NTU RGB+D: only the 3D skeleton (5.8GB) modality is required in our experiments. You can put the raw data in the directory <path to nturgbd+d_skeletons> and build the database as:

# generate raw database
$ python tools/ntu_gendata.py --data_path <path to nturgbd+d_skeletons>

# process the above raw data for our method
$ python feeder/preprocess_ntu.py

Training

Example for training MV-HPGNet on ntu-xview. You can train other models by using .yaml files at config/ folder.

# train hpgnet with physical graph
$ python main.py rec_stream --config config/mv-ignet/ntu-xview/train_hpgnet_simple.yaml --device 0 1
# train hpgnet with complement graph
$ python main.py rec_stream --config config/mv-ignet/ntu-xview/train_hpgnet-complement_simple.yaml --device 2 3

About multi-view training: you need train two models as above, with a skeleton graph and its complement graph respectively.

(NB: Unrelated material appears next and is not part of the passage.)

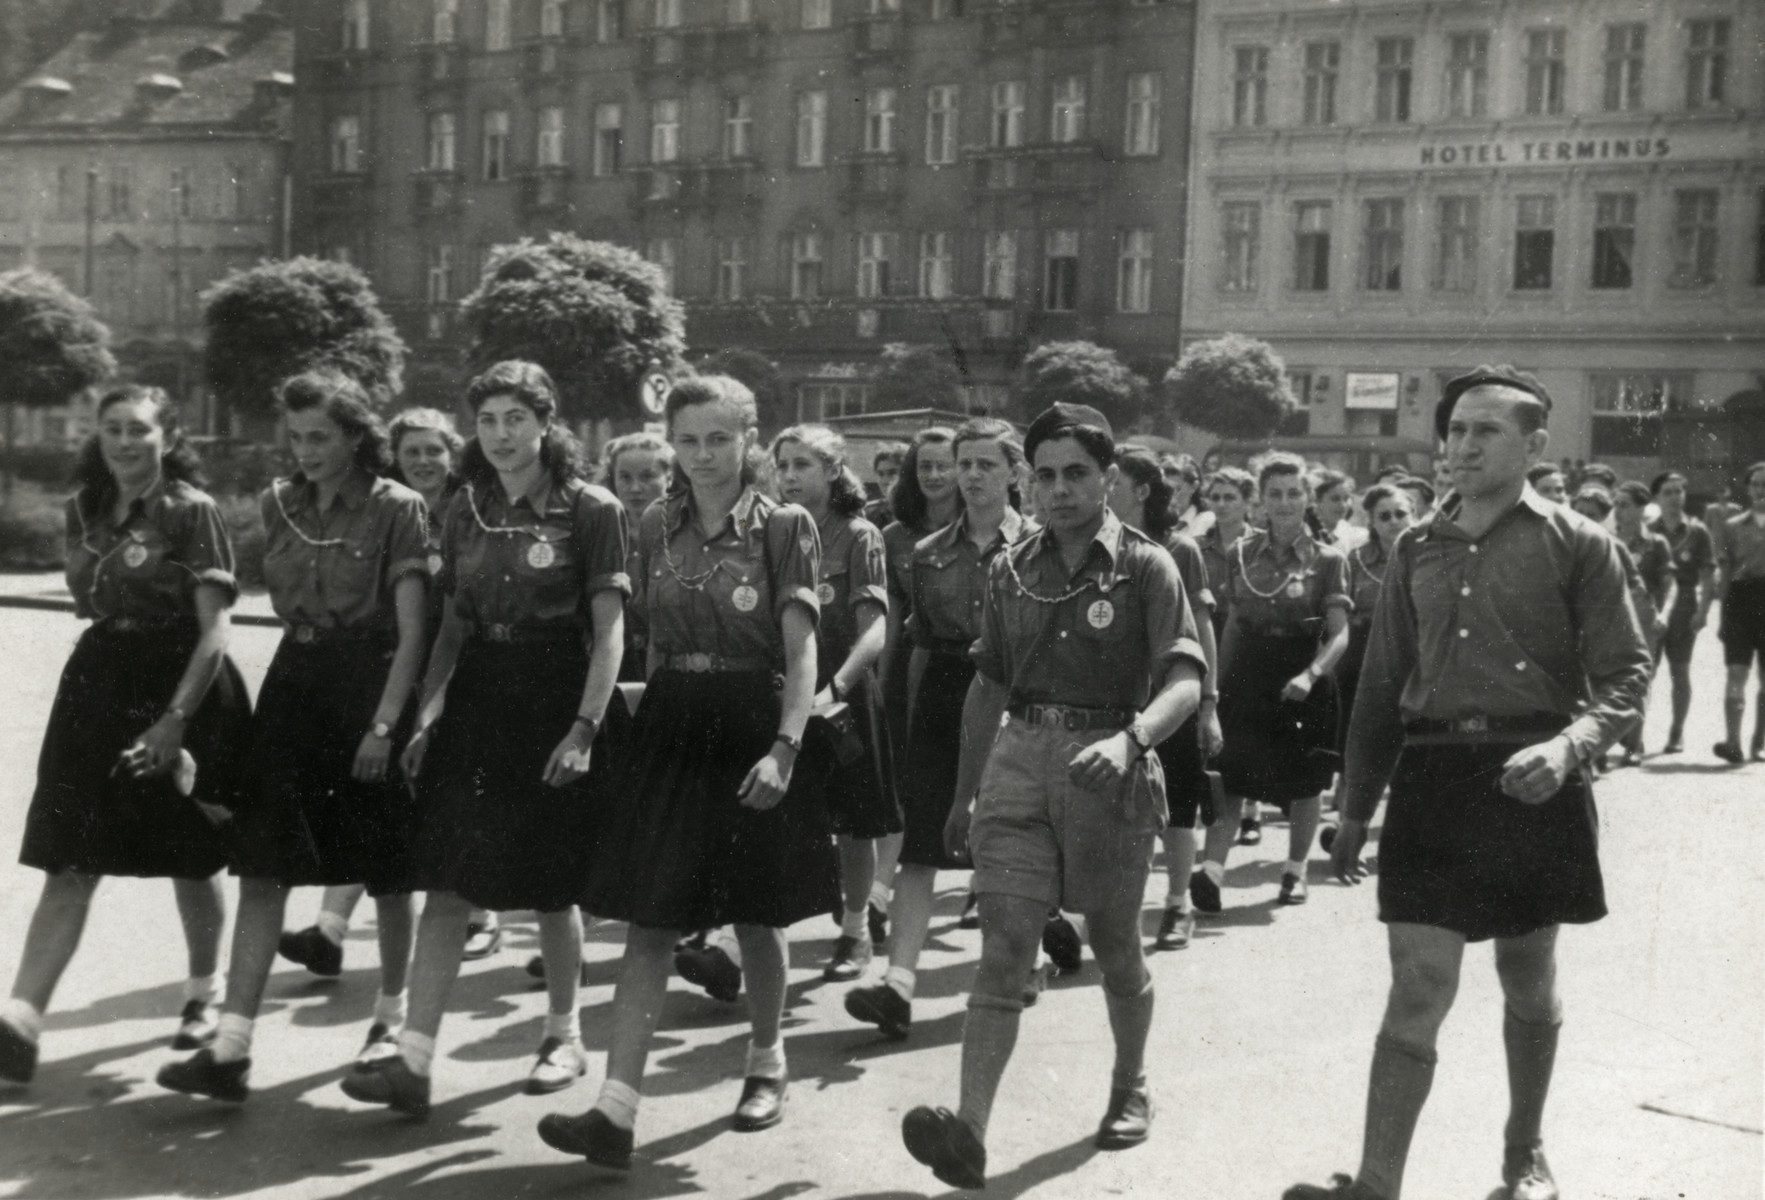 Zionist youth parade in Karlovy Vary. Collections Search United

We save the complement graph in complement_graph_1.npz for convenient and you can compute it yourself:
- how to use complement_graph_1.npz:
```
import numpy as np
saved_graph = np.load('complement_graph_1.npz')
# 'cA' is the adjacent matrix and 'norm_cA' is its normalization
cA, norm_cA = saved_graph['a'], saved_graph['na']
```
- how to compute it yourself:
```
# given the adjacent matrix A, its complement cA can be computed by:
cA = 1.0 - A
```

Trained Models: we have put our checkpoints on NTU-RGB+D dataset at weights/ folder:

# checkpoints on NTU-RGB+D dataset
weights
  ├── xsub
  │    ├── xsub_HPGNet_epoch120_model.pt
  │    └── xsub_HPGNet-complement_epoch120_model.pt
  └── xview
       ├── xview_HPGNet_epoch120_model.pt
       └── xview_HPGNet-complement_epoch120_model.pt

Evaluation

Example for single model evaluation (HPGNet model):

# evaluate hpgnet model with physical graph
$ python main.py rec_stream --phase test --config config/mv-ignet/ntu-xview/train_hpgnet_simple.yaml --weights <path to weights>
# evaluate hpgnet model with complement graph
$ python main.py rec_stream --phase test --config config/mv-ignet/ntu-xview/train_hpgnet-complement_simple.yaml --weights <path to weights>

Example for multi model evaluation (MV-HPGNet model):

# we provide 'eval_ensemble.sh' file to do this simply
$ python main.py rec_ensemble \
         --config config/mv-ignet/ntu-xview/test_hpgnet_ensemble_simple.yaml \
         --weights <path to model-1 weights> \
         --weights2 <path to model-2 weights>

Note that before evaluating multi-view model, you must have trained two models with the skeleton graph and its complement graph respectively in Training.

Results

The expected Top-1 accuracy results on NTU-RGB+D 60 dataset are shown here:

Model	Cross View (%)	Cross Subject (%)
ST-GCN	88.8	81.6
SPGNet	94.3	86.8
HPGNet	94.7	87.2
MV-HPGNet	95.8	88.6

Citation

Please cite our paper if you find this repo useful in your resesarch:

@article{wang2020learning,
  title={Learning Multi-View Interactional Skeleton Graph for Action Recognition},
  author={Wang, Minsi and Ni, Bingbing and Yang, Xiaokang},
  journal={IEEE Transactions on Pattern Analysis and Machine Intelligence},
  year={2020},
  publisher={IEEE}
}

Acknowledgement

The framework of current code is based on the old version of ST-GCN (Its new version is MMSkeleton).